Figure 2.12: Construction of the transformation kde for the log and probit transformations. The left panel shows the kde (2.7) applied to the transformed data. The right plot shows the transformed kde (2.34) applied to the original data. Application available here.

The code below illustrates how to compute a transformation kde in practice from density.

# kde with log-transformed data
kde <- density(log(samp))
plot(kde, main = "Kde of transformed data")
rug(log(samp))


# Careful: kde$x is in the reals!
range(kde$x)
## [1] -4.542984  3.456035

# Untransform kde$x so the grid is in (0, infty)
kde_transf <- kde
kde_transf$x <- exp(kde_transf$x)

# Transform the density using the chain rule
kde_transf$y <- kde_transf$y * 1 / kde_transf$x

# Transformed kde
plot(kde_transf, main = "Transformed kde", xlim = c(0, 15))
curve(dlnorm(x), col = 2, add = TRUE, n = 500)
rug(samp)

Exercise 2.20 Consider the data given by set.seed(12345); x <- rbeta(n = 500, shape1 = 2, shape2 = 2). Compute:

The untransformed kde employing the DPI and LSCV selectors. Overlay the true density.
The transformed kde employing a probit transformation and using the DPI and LSCV selectors on the transformed data.

Exercise 2.21 (Exercise 2.23 in Wand and Jones (1995)) Show that the bias and variance for the transformation kde (2.34) are

\[\begin{align*} \mathrm{Bias}[\hat{f}_\mathrm{T}(x;h,t)]&=\frac{1}{2}\mu_2(K)g''(t(x))t'(x)h^2+o(h^2),\\ \mathbb{V}\mathrm{ar}[\hat{f}_\mathrm{T}(x;h,t)]&=\frac{R(K)}{nh}g(t(x))t'(x)^2+o((nh)^{-1}), \end{align*}\]

where $g$ is the density of $t(X).$

Exercise 2.22 Using the results from Exercise 2.21, prove that

\[\begin{align*} \mathrm{AMISE}[\hat{f}_\mathrm{T}(\cdot;h,t)]=&\,\frac{1}{4}\mu_2^2(K)\int (g''(x))^2t'(t^{-1}(x))\,\mathrm{d}xh^4\\ &+\frac{R(K)}{nh}\mathbb{E}[t'(X)], \end{align*}\]

where $g$ is the density of $t(X).$

2.5.2 Sampling

Sampling a kde is relatively straightforward. The trick is to recall

\[\begin{align*} \hat{f}(x;h)=\frac{1}{n}\sum_{i=1}^nK_h(x-X_i) \end{align*}\]
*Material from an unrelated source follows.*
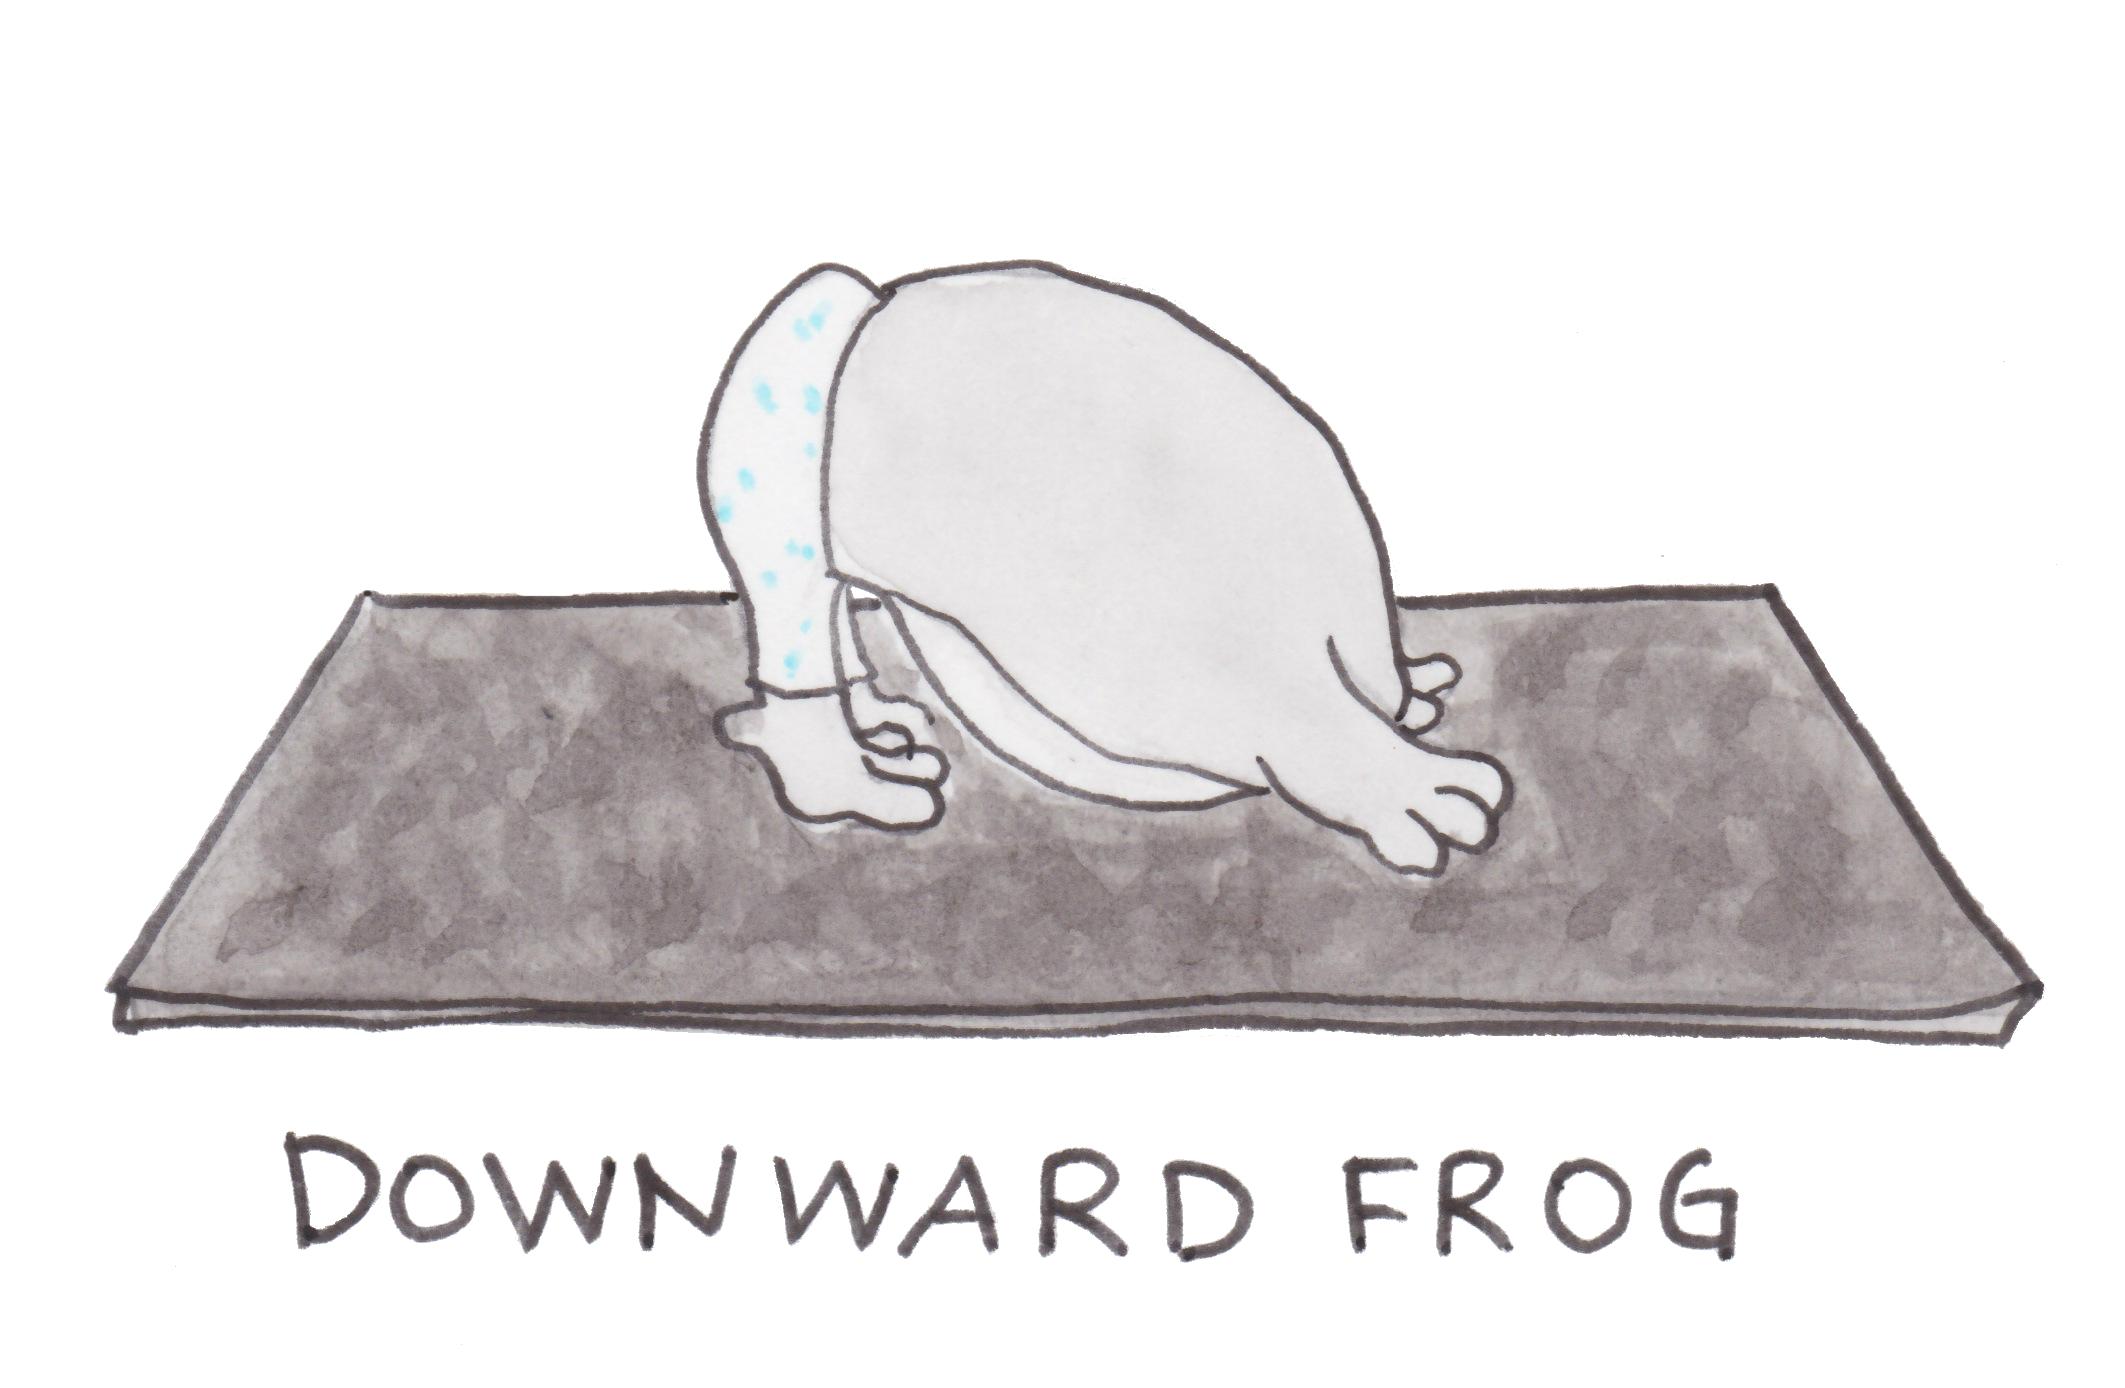 2-Downward Frog 2.jpg

as a mixture density made of $n$ mixture components in which each of them is sampled independently. The only part that might require special treatment is sampling from the density $K,$ although R contains specific sampling functions for the most popular kernels.

The algorithm for sampling $N$ points goes as follows:

Choose $i\in\{1,\ldots,n\}$ at random.
Sample from $K_h(\cdot-X_i)=\frac{1}{h}K\left(\frac{\cdot-X_i}{h}\right).$
Repeat the previous steps $N$ times.

Let’s see a quick example.

# Sample the claw
n <- 100
set.seed(23456)
samp <- nor1mix::rnorMix(n = n, obj = nor1mix::MW.nm10)

# Kde
h <- 0.1
plot(density(samp, bw = h), main = "", col = 4)
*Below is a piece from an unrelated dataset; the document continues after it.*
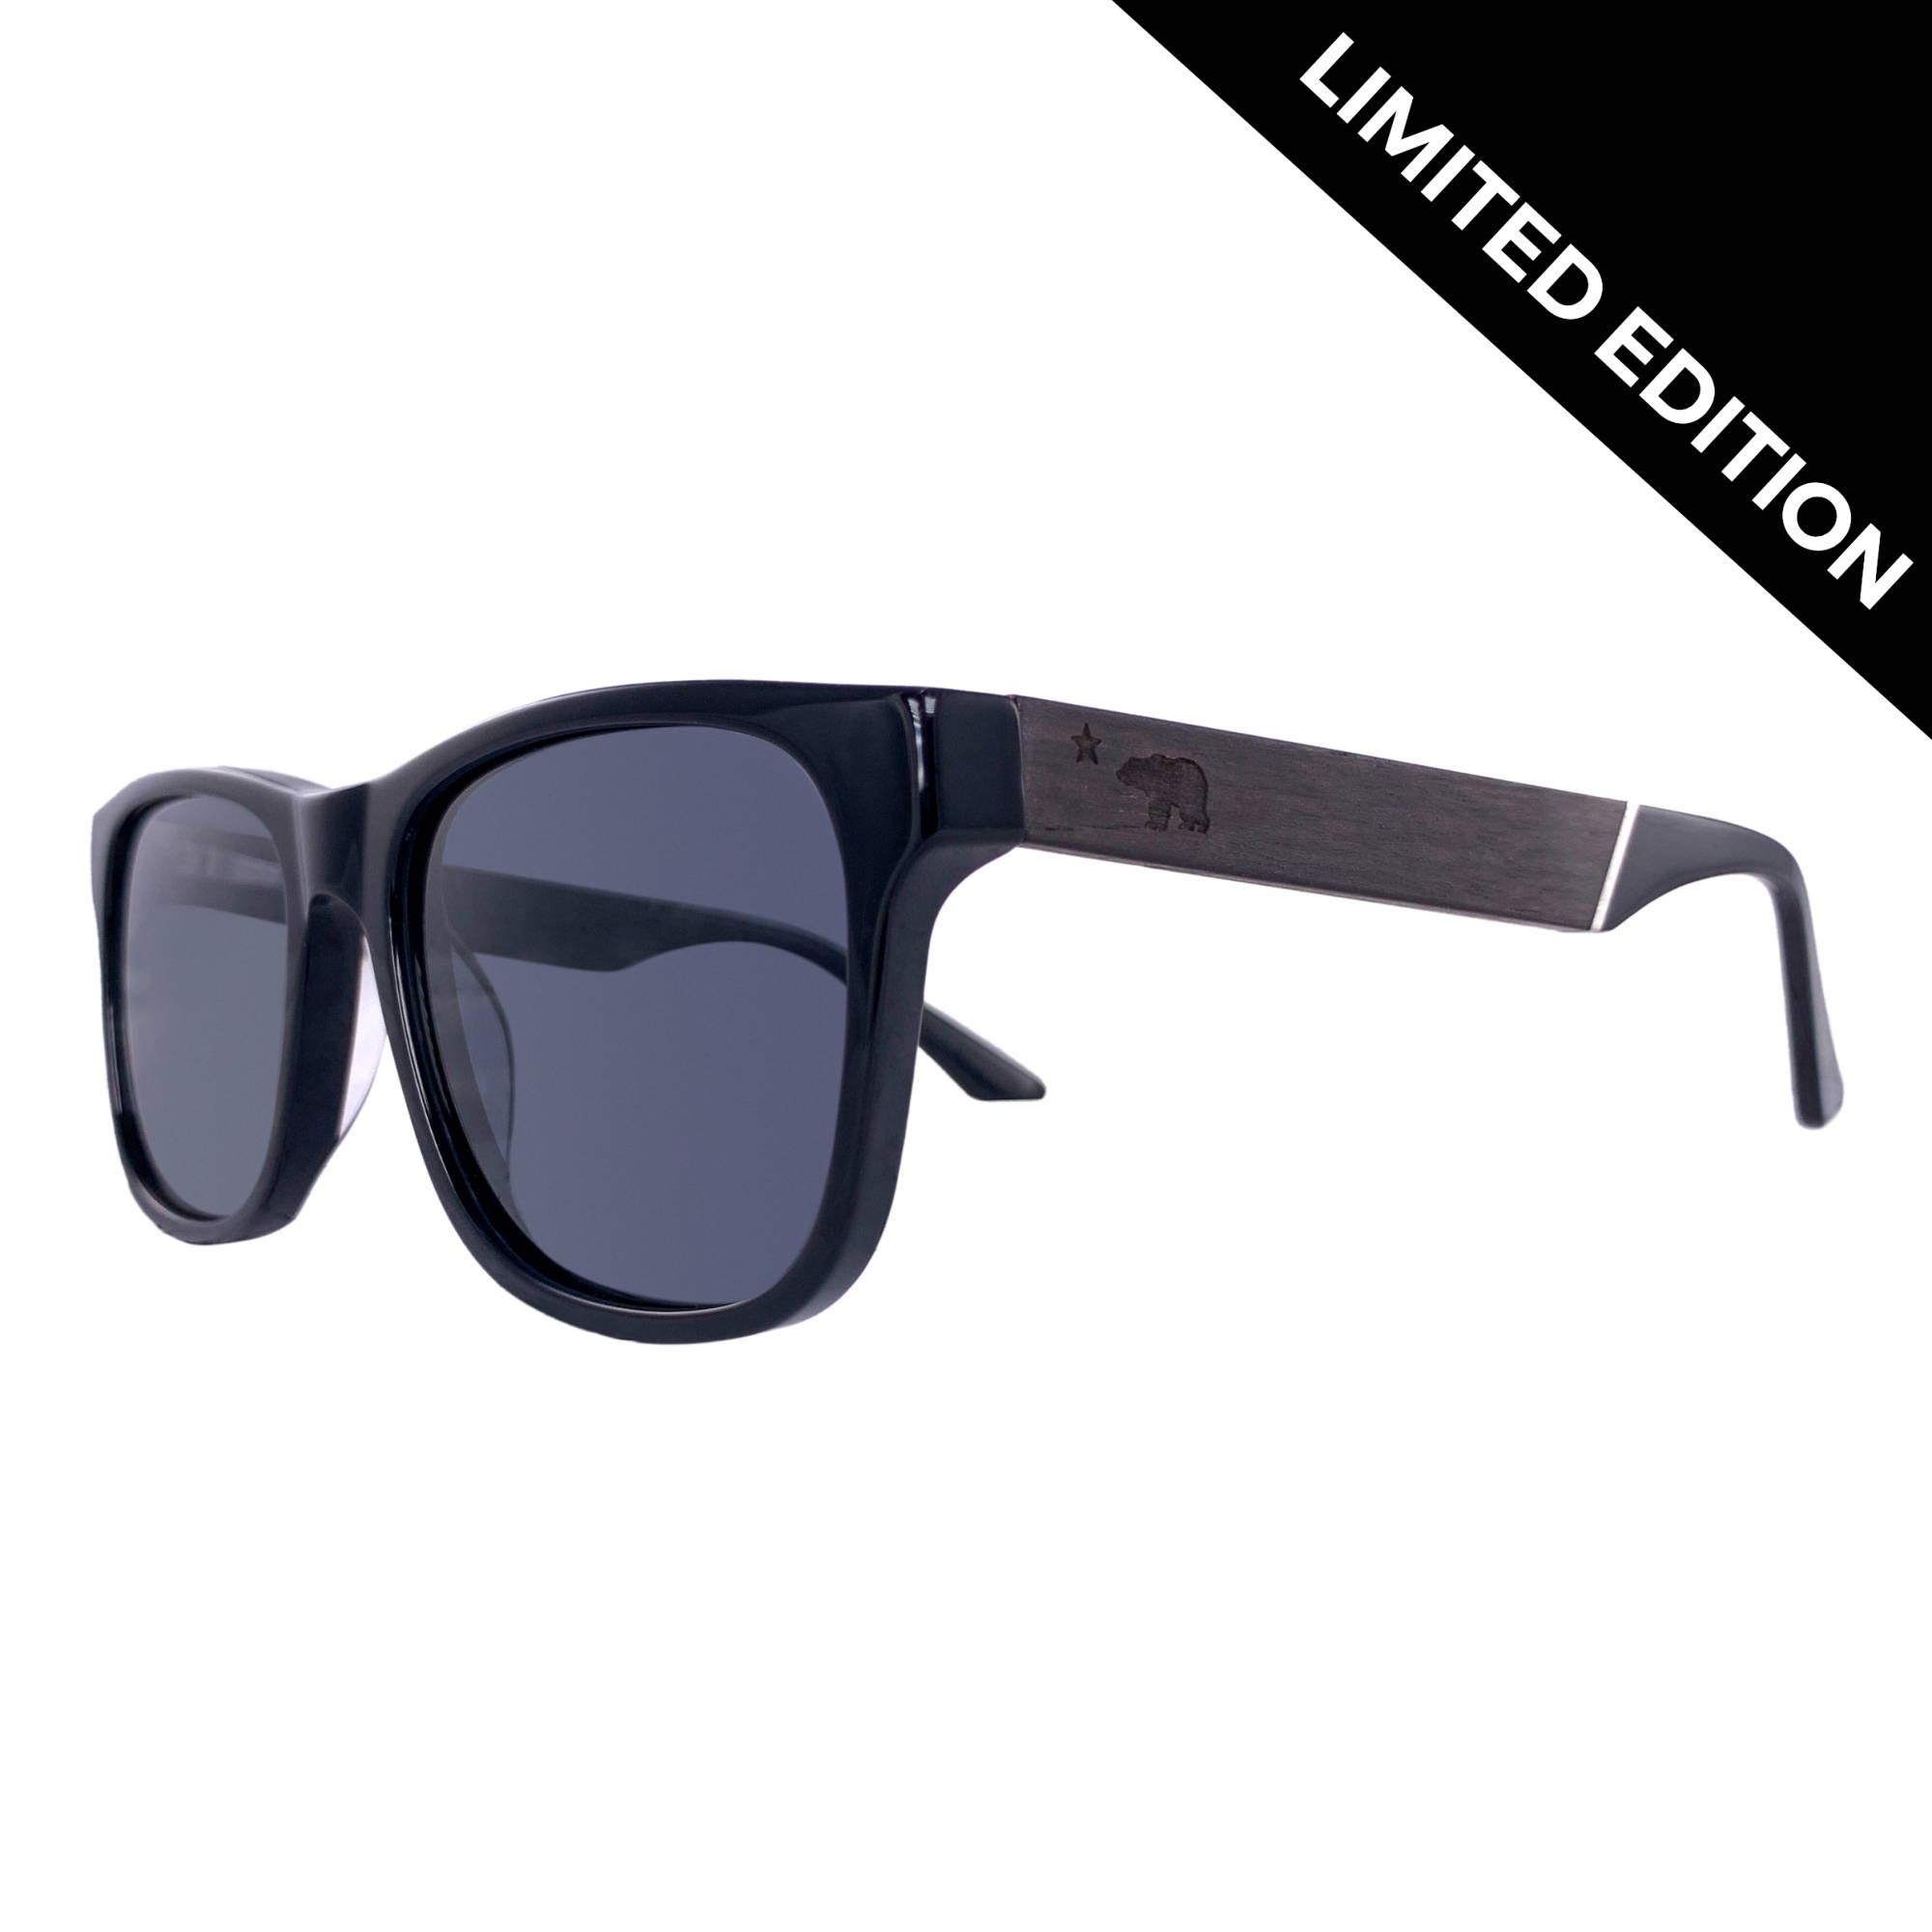 Pismo Beach Sunglasses

# # Naive sampling algorithm
# N <- 1e6
# samp_kde <- numeric(N)
# for (k in 1:N) {
#
#   i <- sample(x = 1:n, size = 1)
#   samp_kde[k] <- rnorm(n = 1, mean = samp[i], sd = h)
#
# }

# Sample N points from the kde
N <- 1e6
i <- sample(x = n, size = N, replace = TRUE)
samp_kde <- rnorm(N, mean = samp[i], sd = h)

# Add kde of the sampled kde -- almost equal
lines(density(samp_kde), col = 3)
legend("topright", legend = c("Kde", "Kde of sampled kde"),
       lwd = 2, col = 4:3)

Exercise 2.23 Sample data points from the kde of iris$Petal.Width that is computed with the NS selector.

Exercise 2.24 The dataset sunspot.year contains the yearly numbers of sunspots from 1700 to 1988 (rounded to one digit). Employing a log-transformed kde with DPI bandwidth, sample new sunspots observations. Check by simulation that the sampling is done appropriately by comparing the log-transformed kde of the sampled data with the original kde.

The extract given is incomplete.